### ASSIGNED TASK
Word for word, set down every line of the entries below from the line with "bride happy in her wedding dress" to the line with "Nesta Edição Pag.", including both, and no other line.

### DATA FOR THIS TASK

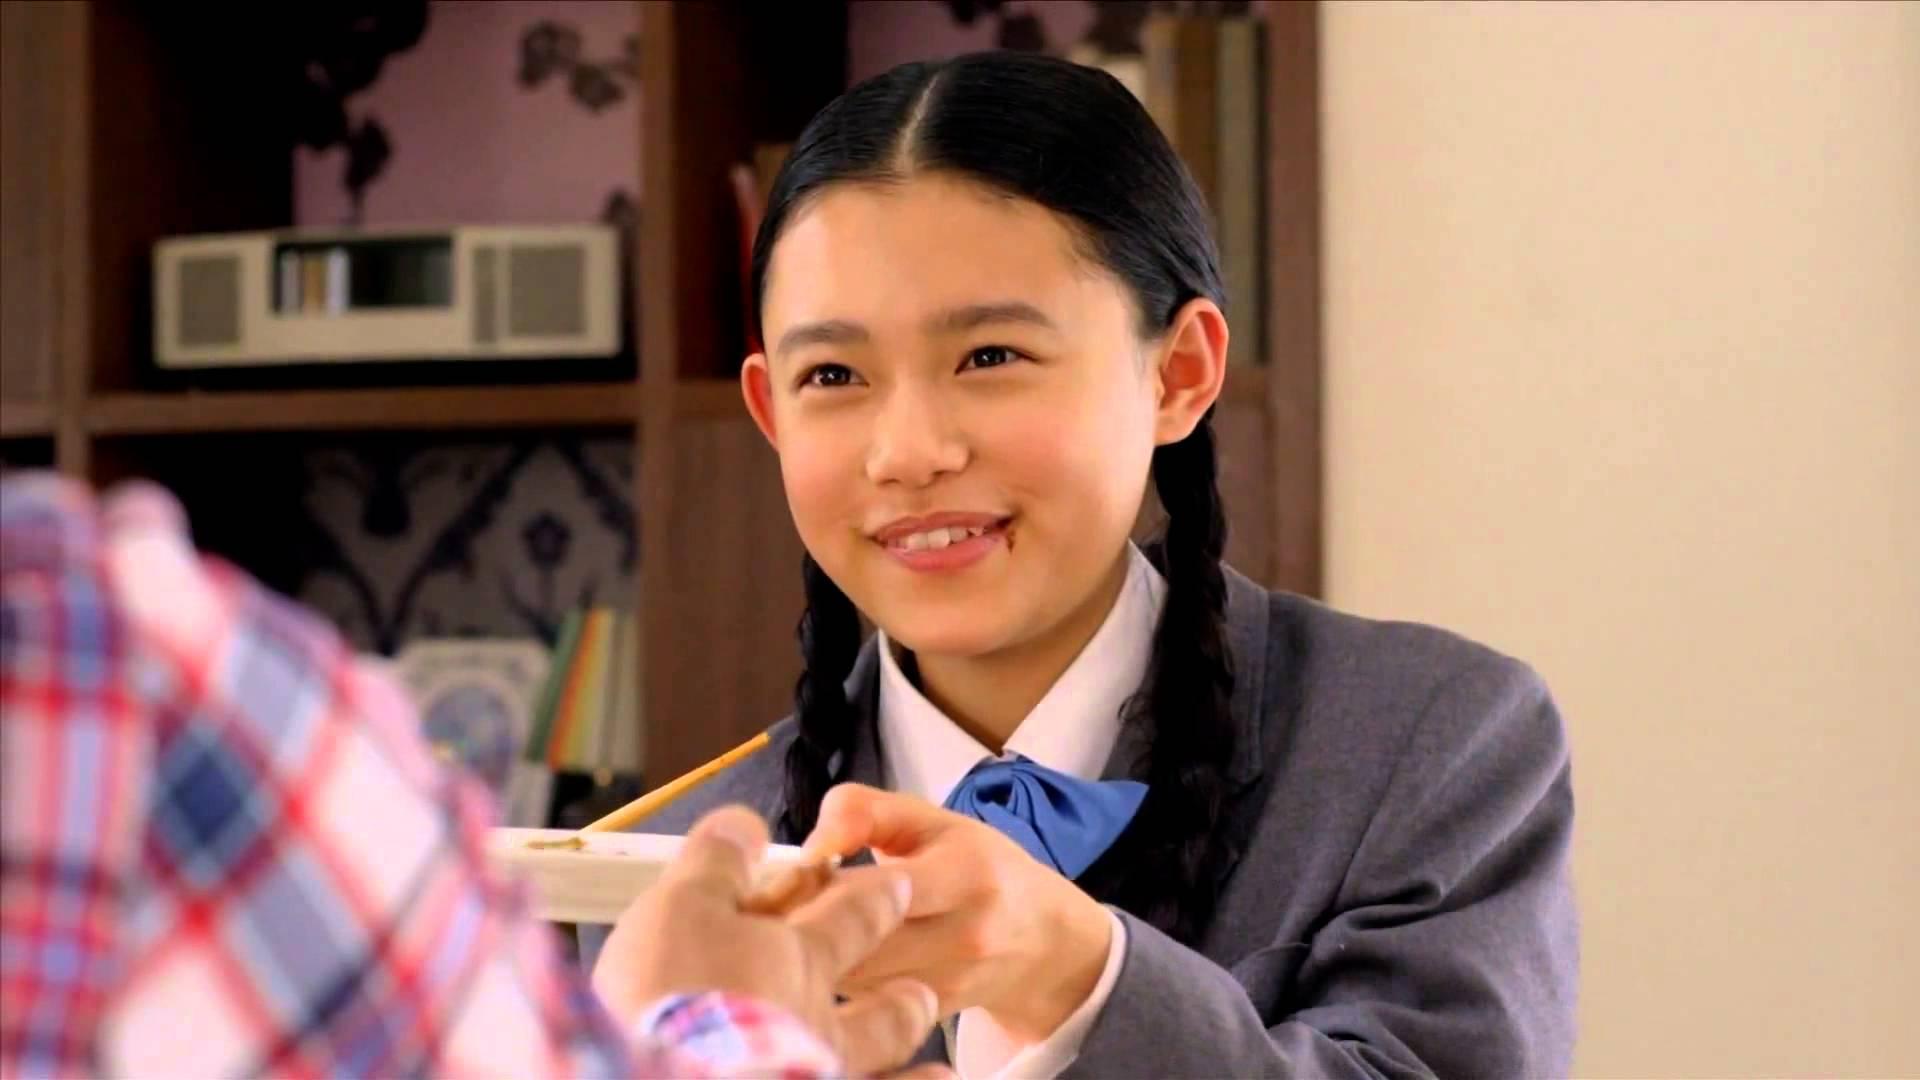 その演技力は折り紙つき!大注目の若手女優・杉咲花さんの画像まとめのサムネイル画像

* * *

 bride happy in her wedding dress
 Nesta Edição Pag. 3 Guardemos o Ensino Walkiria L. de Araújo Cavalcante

...

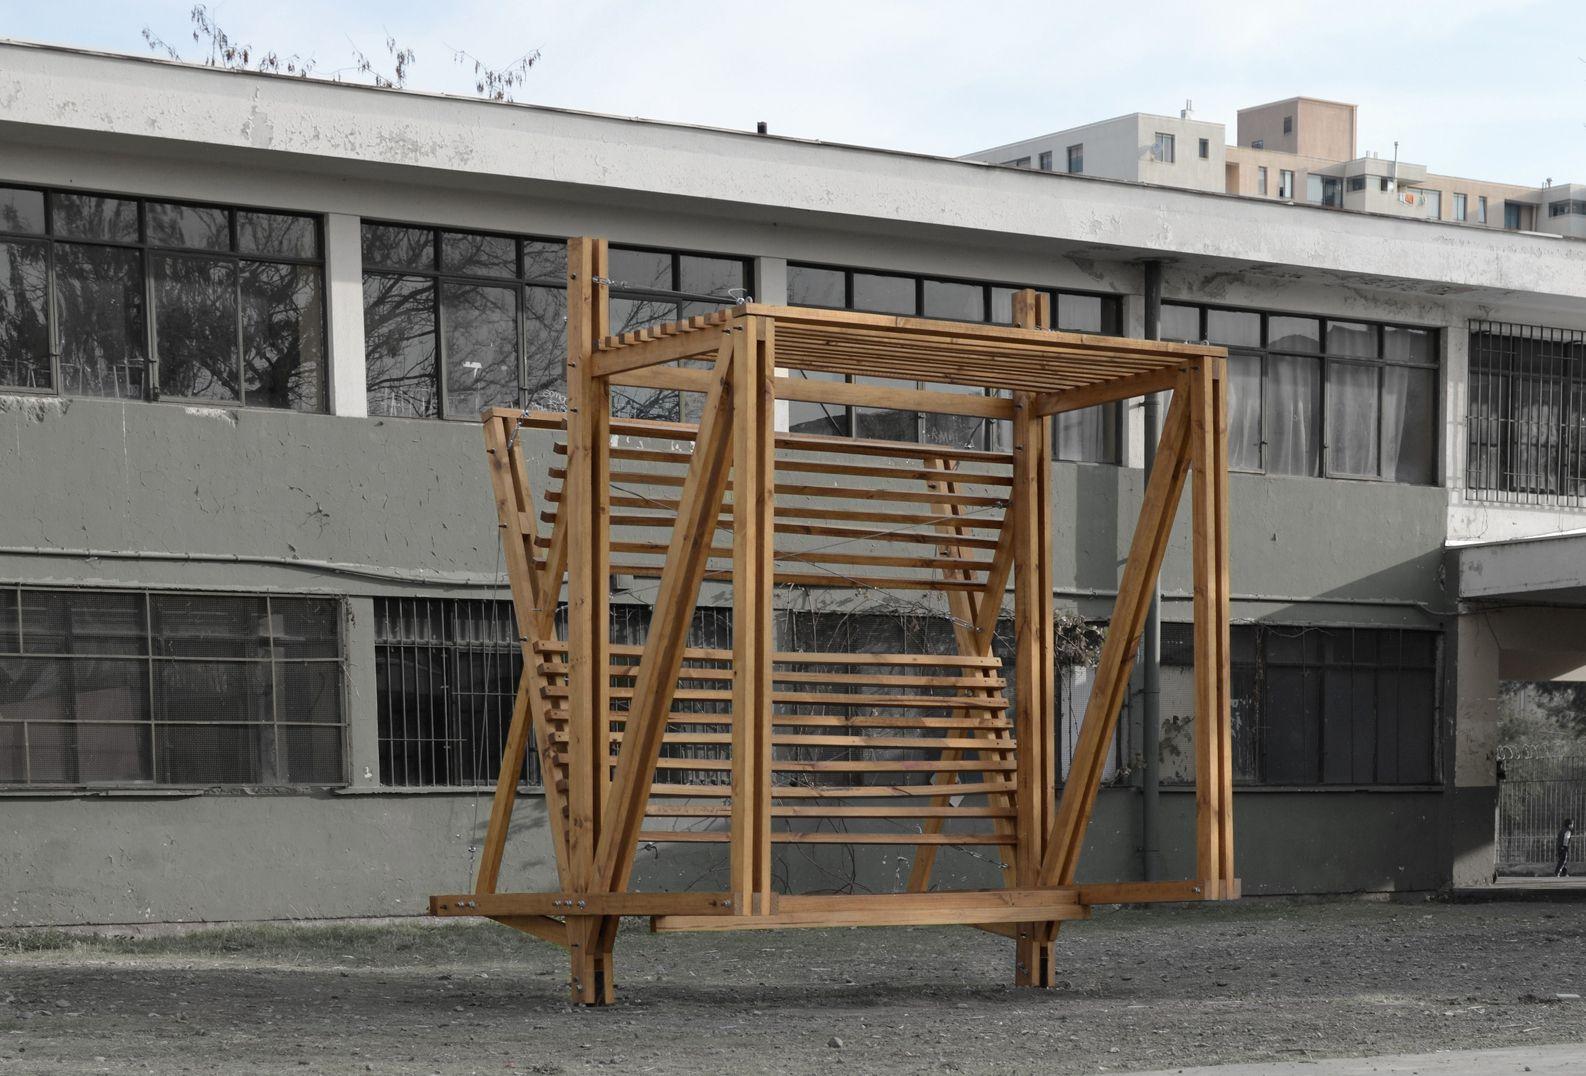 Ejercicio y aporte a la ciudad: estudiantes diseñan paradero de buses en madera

### EXPECTED OUTPUT
 bride happy in her wedding dress
 Nesta Edição Pag. 3 Guardemos o Ensino Walkiria L. de Araújo Cavalcante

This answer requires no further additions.